• YOUR GOAL: Your reply should be the whole listing, copied exactly, with the pictures left out.

• GIVEN DATA:
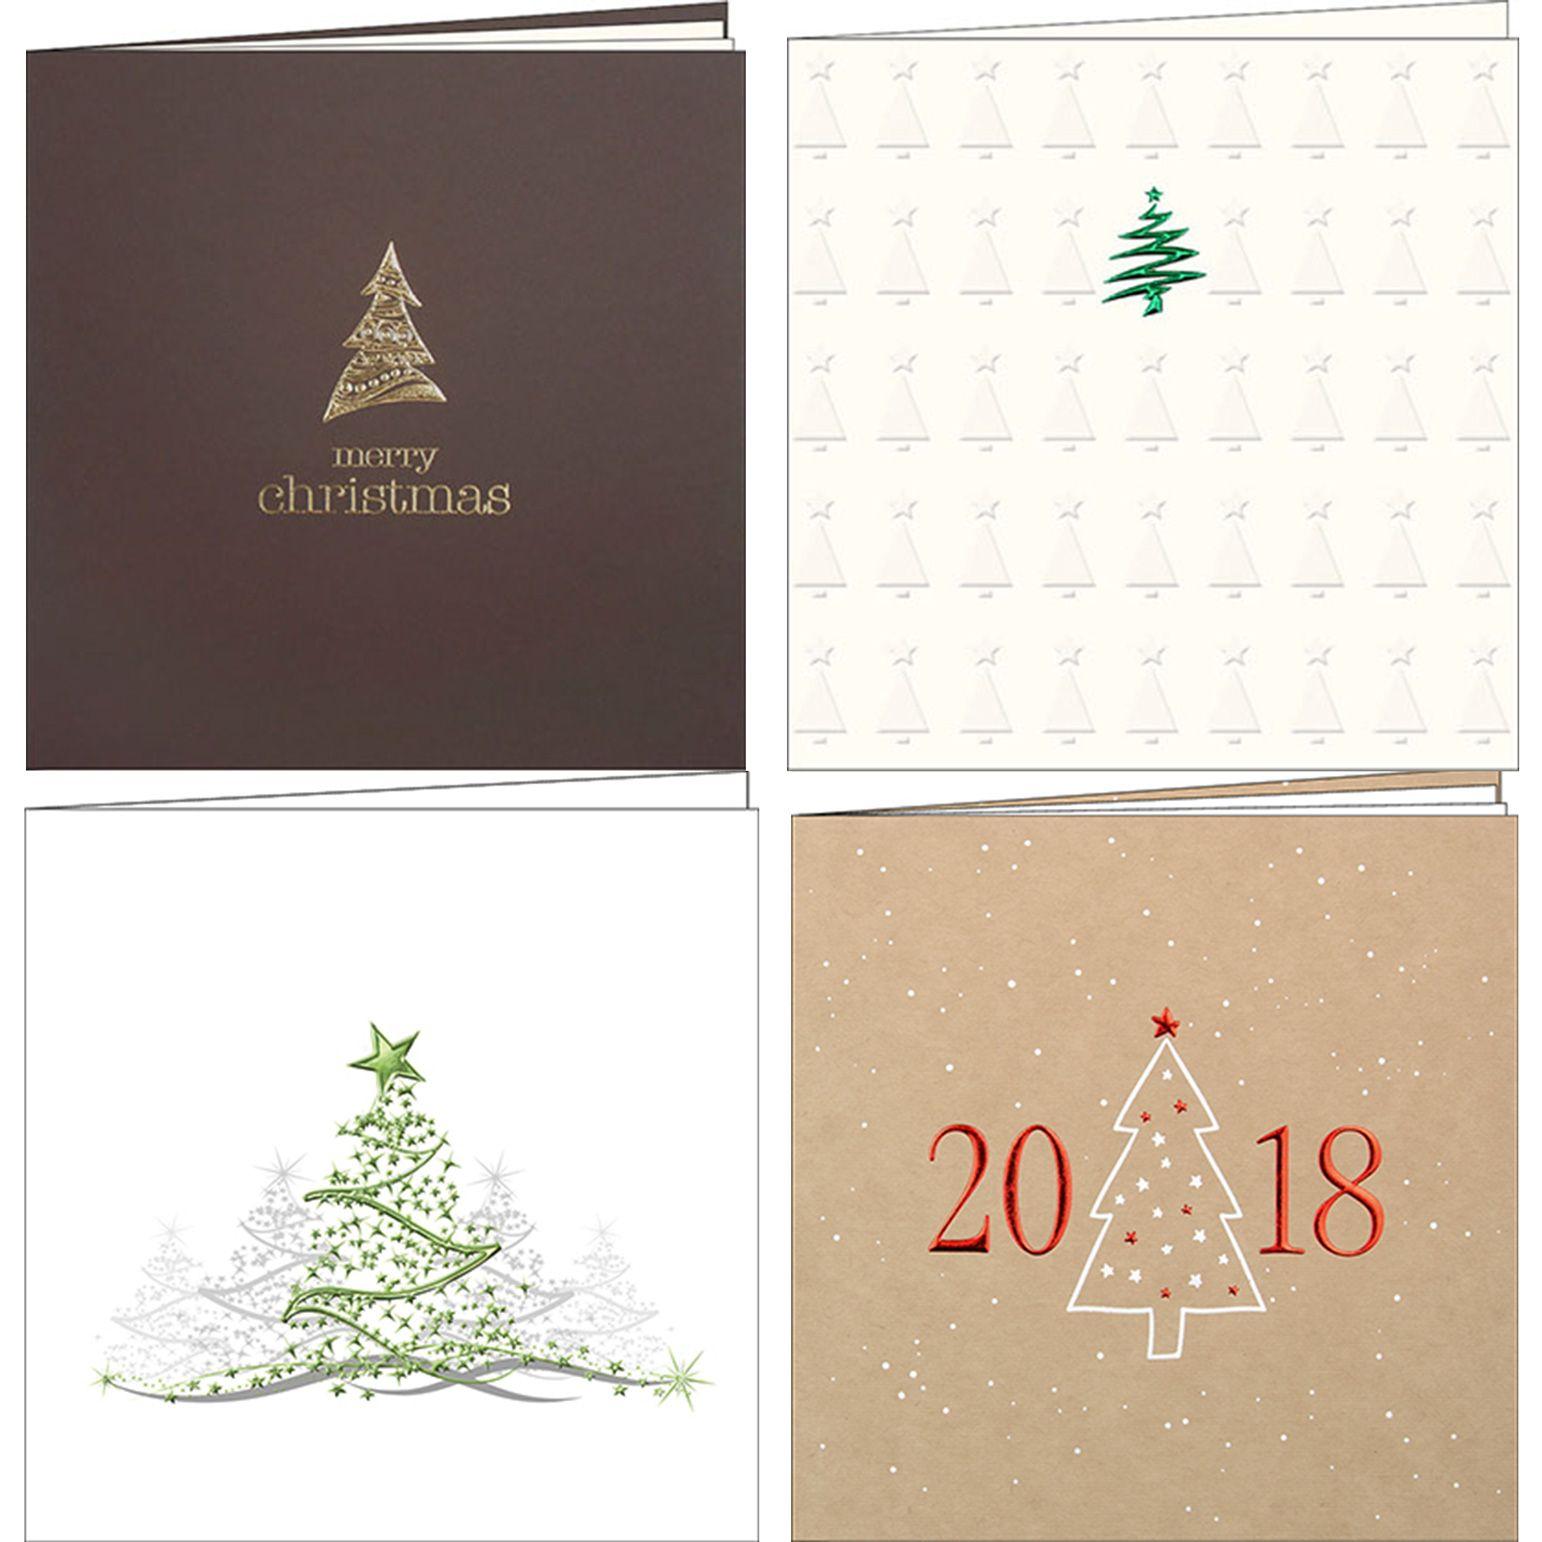 Edle Weihnachtskarten.Dieses Weekend Edle Weihnachtskarten Bestellen Unter Www
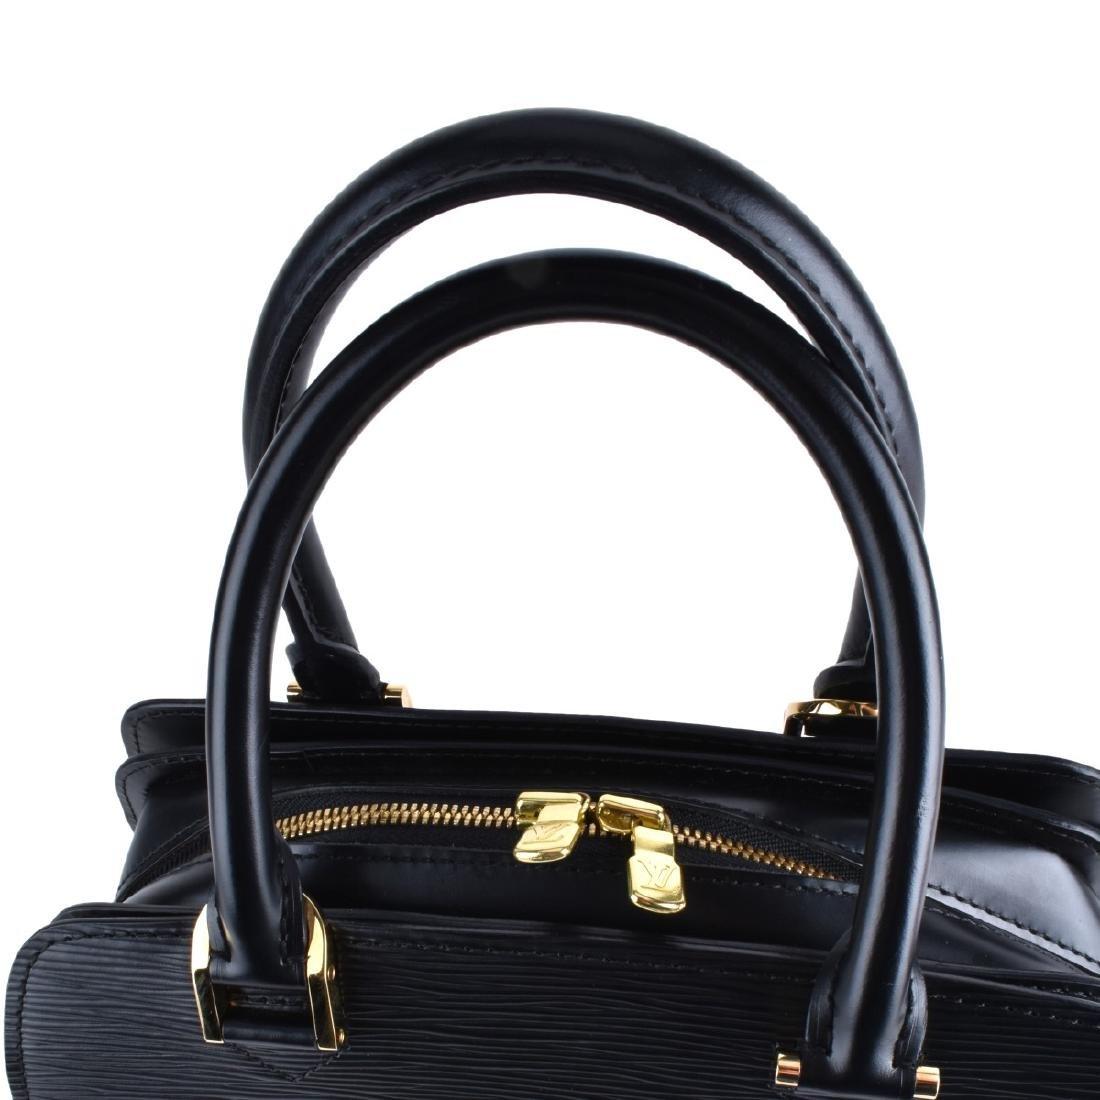 Louis Vuitton Black Epi Leather Pont-Neuf Handbag - 2
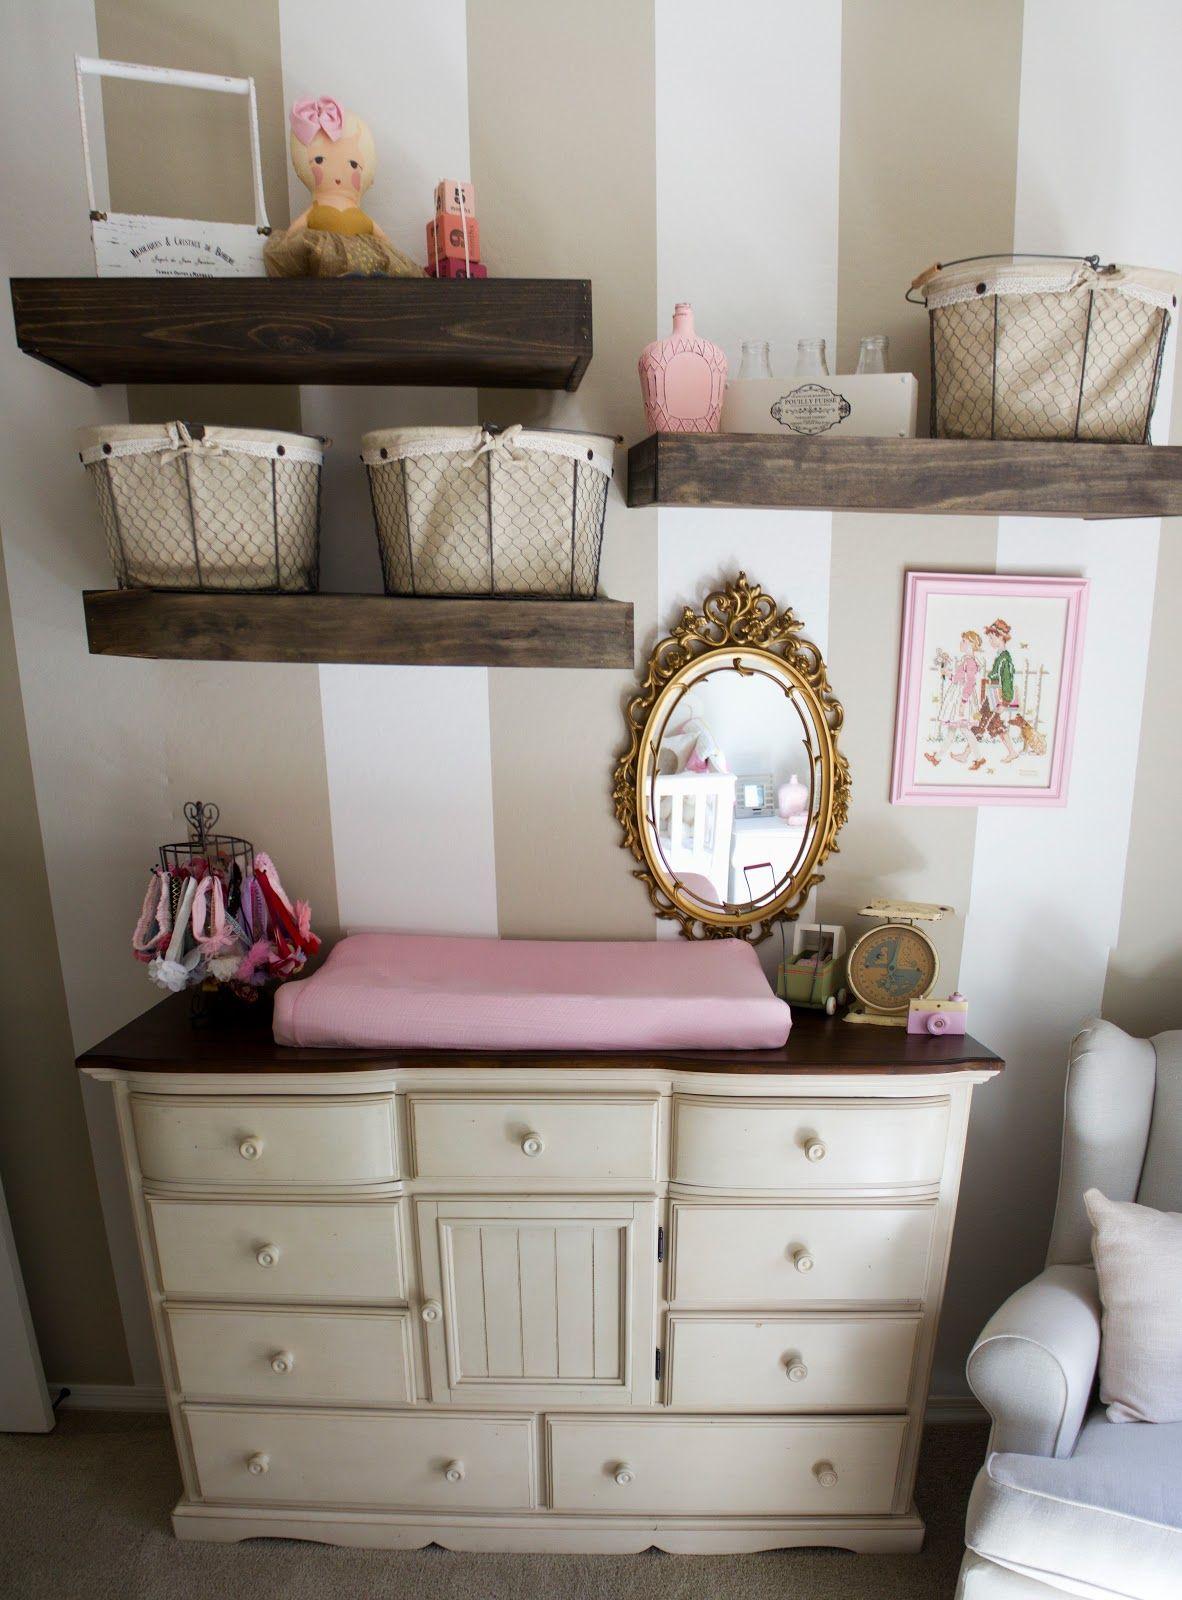 Baby Boy Room Wall Ideas: Life In Hearts: Anderson's Nursery!

• RESPONSE BELOW:
 Edle Weihnachtskarten.Dieses Weekend Edle Weihnachtskarten Bestellen Unter Www
 Louis Vuitton Black Epi Leather Pont-Neuf Handbag - 2
 Baby Boy Room Wall Ideas: Life In Hearts: Anderson's Nursery!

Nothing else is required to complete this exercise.